Another typical critical step in the workflow of spatial analysis is the reclassification of the original geographic layer. This step, which is often necessary before performing animal habitat use analysis (e.g., Falcucci et al. 2009; Bosch et al. 2012; De Groeve et al. 2016), may consist of merging land cover classes (e.g. CLC) or defining a specific value as the threshold (e.g. TCD) to distinguish different habitats in a raster layer. Reclassifications can introduce further inaccuracy and should be carefully defined, as we did in the present work through a sensitivity analysis (Online Appendix S3) that compared different aggregations of CLC-classes and different forest percentage thresholds of TCD. In this work, a reclassification was essential for directly comparing CLC and TCD, however we recommend using original input values of a layer where possible.

While validation is essential, researchers may not limit their analysis to a single geographic layer. Ecological models can be run in parallel with multiple geographic layers expressing the same environmental covariate, as done in this study (Fig. 4). This could further help to disentangle the ecological effect of the covariate, from the characteristics of the data source. Our results suggest that TCD performs better for the analysis of forest use and allowed to identify day/night shift by deer. However, CLC provides information on many other land use categories for which harmonized European layers are still missing, such as agricultural fields. Its use in movement ecology studies is useful but should consider the limitations on spatial resolution and class aggregation that we further evidenced in this work.

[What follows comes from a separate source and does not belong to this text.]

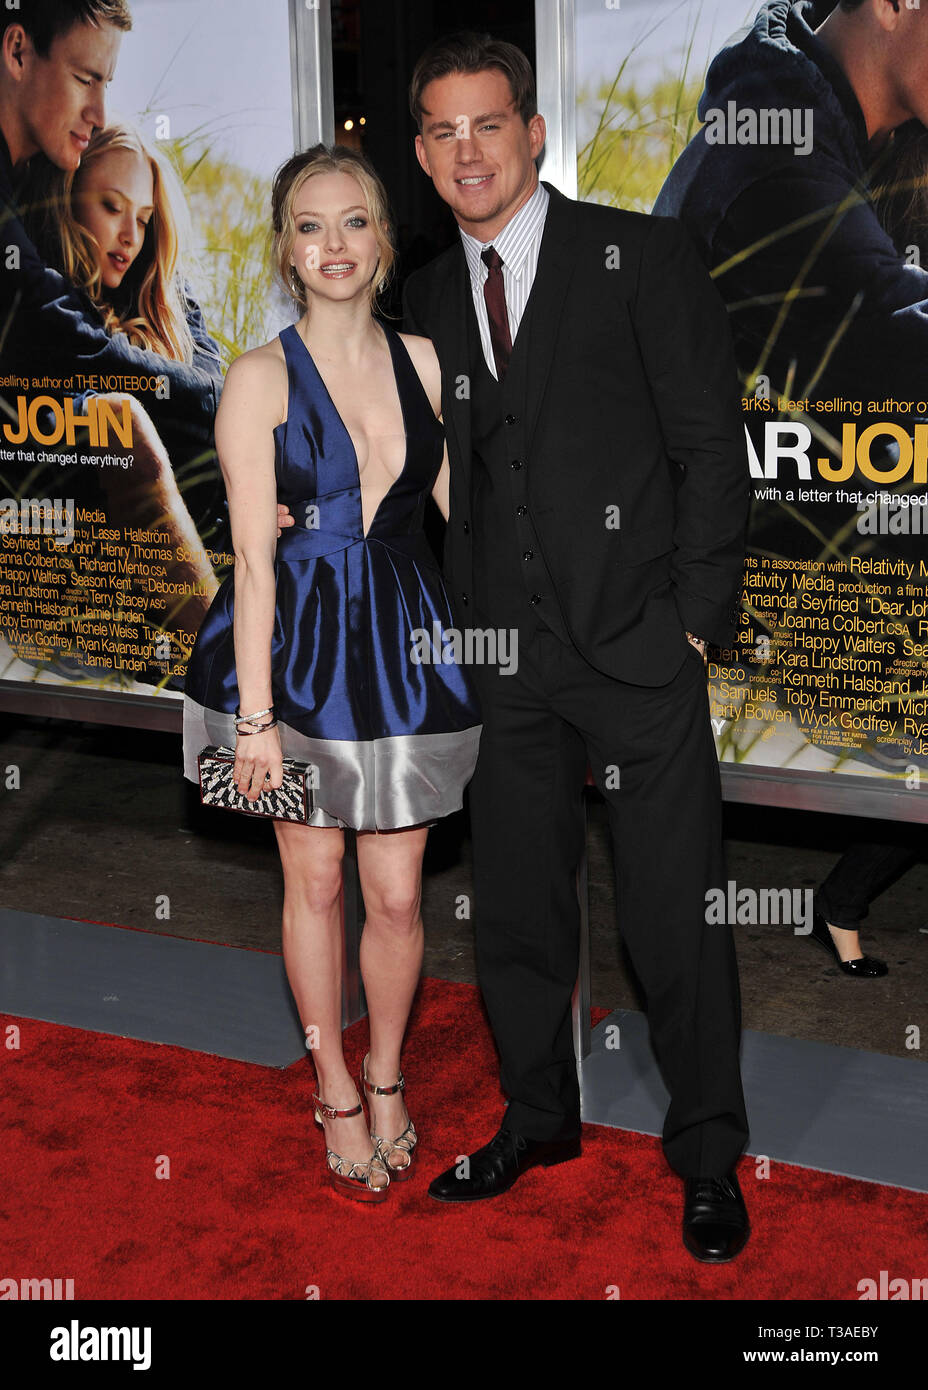 03 Amanda Seyfried Channing Tatum 03 - Dear John Premiere at
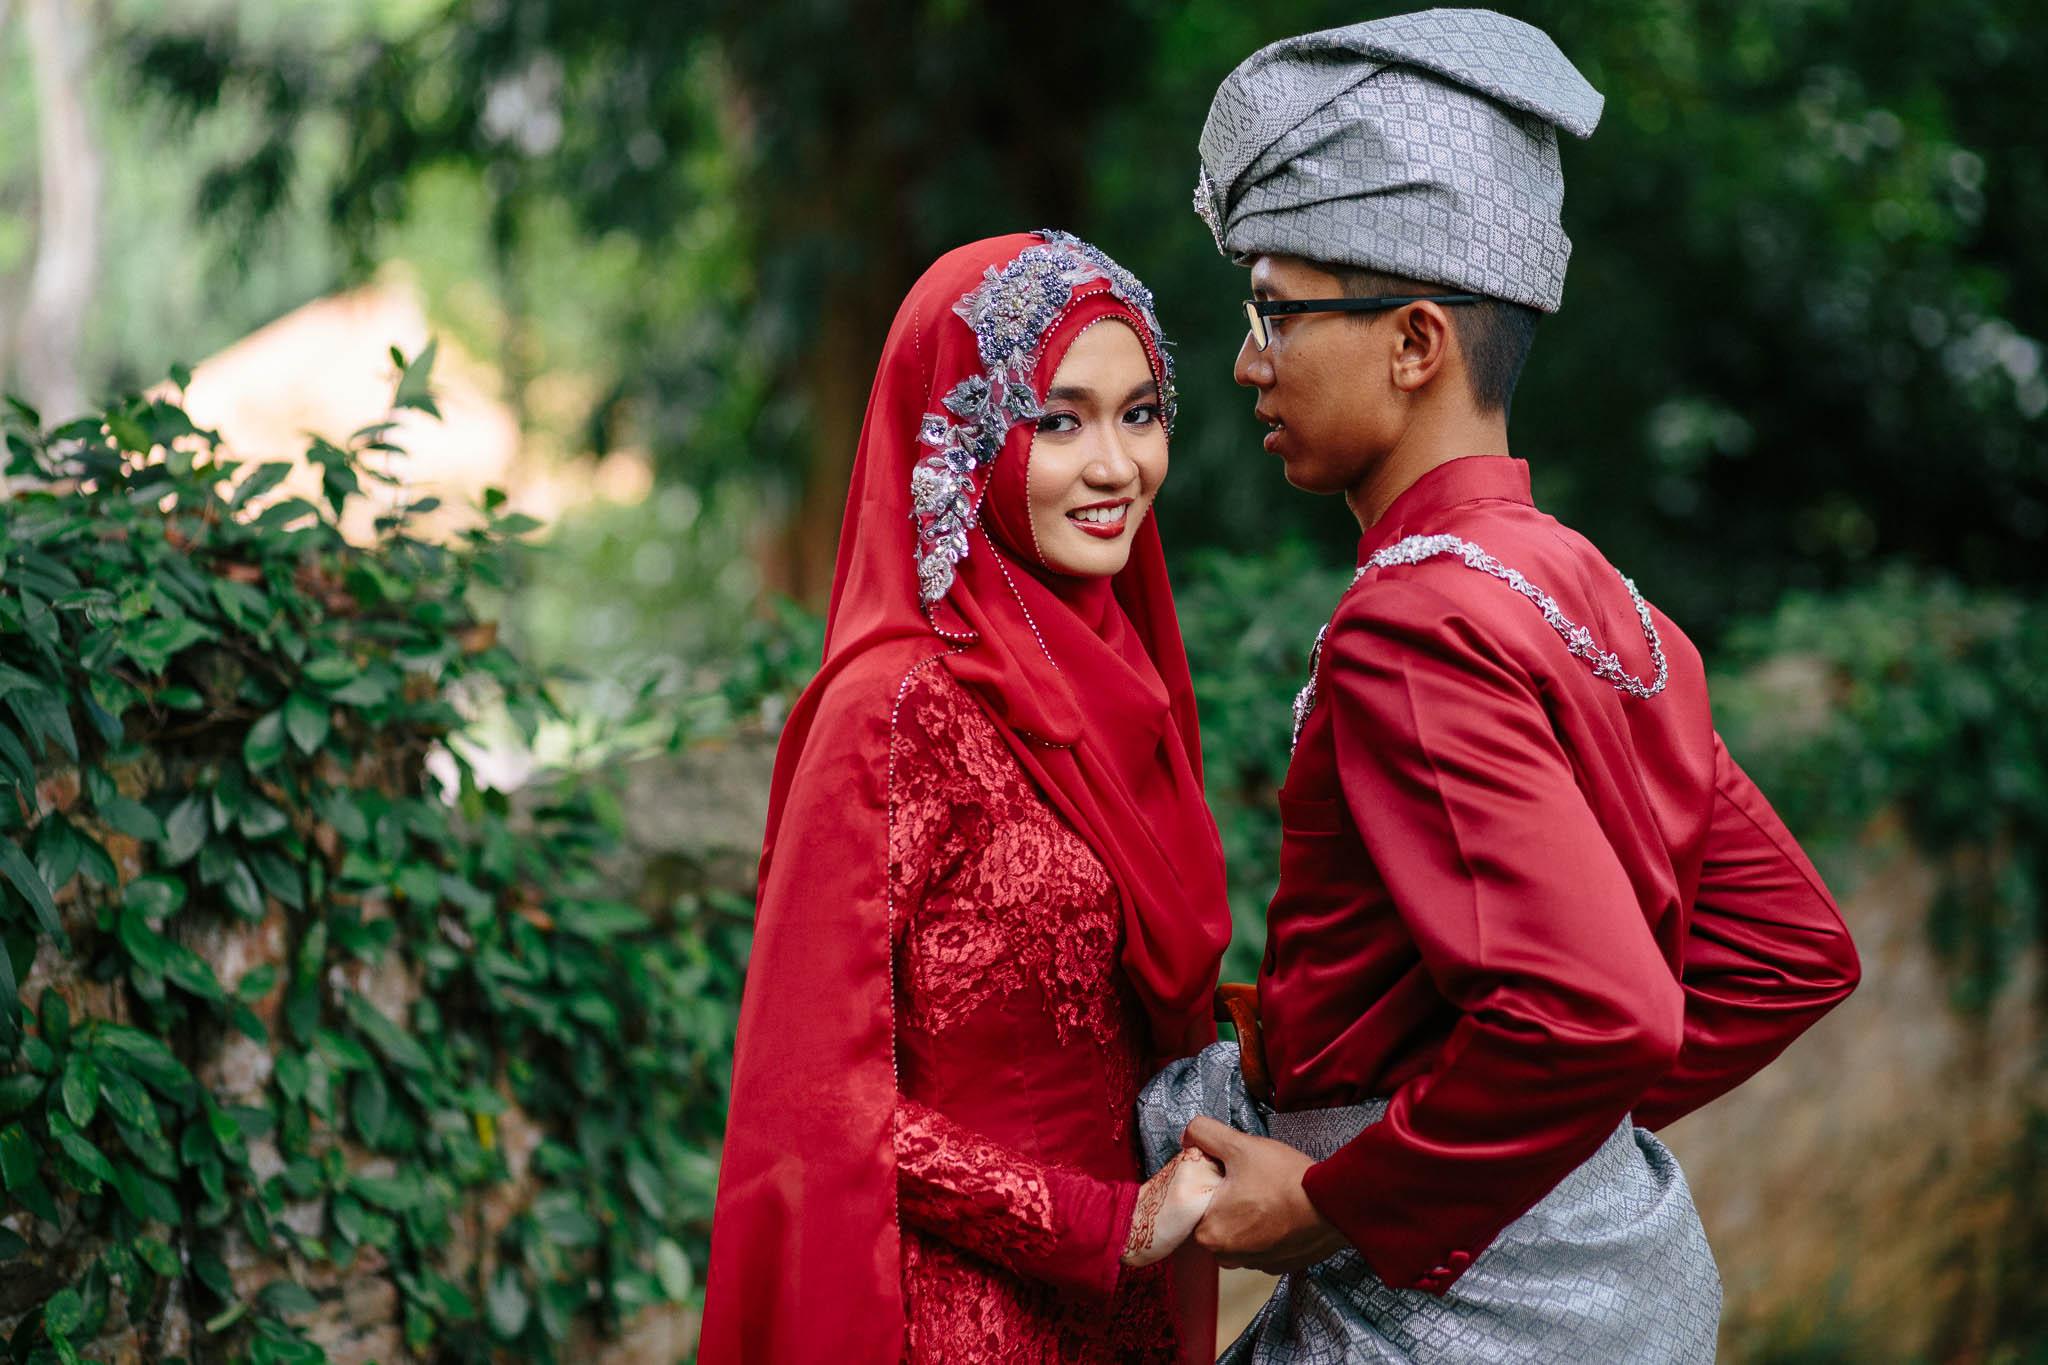 singapore-wedding-photographer-sharalyn-syazwan-066.jpg

Here we used static layers that refer to a relatively long period (6 years for CLC and 3 years for TCD) to match instantaneous animal relocations. The temporal mismatch between the habitat types represented by the geographic layers and those experienced by animals can represent a source of bias. Static layers can become outdated within a relatively short interval of time, for example because of local or large-scale changes in forest landscapes due to insect outbreaks (Oeser et al. 2021), tempests (Gaillard et al. 2003), fires (Silva et al. 2014) and logging activities. New satellite sensors releasing almost real-time observations, together with remote processing engines (e.g. Google Earth Engine) represent the next generation of opportunities (Oeser et al. 2020), allowing more dynamic mapping to match animal movement and behaviour.

In conclusion, the choice of the geographic layer to utilize should be considered as a crucial step in habitat use and selection studies (Oeser et al. 2020), which requires careful evaluation of the layer-specific characteristics with respect to the target species ecology and behaviour. Here, we suggest to carefully evaluate geographic layers, paying attention to spatial resolution, temporal match, classification accuracy in respect to the spatial scale of animal space use analysis.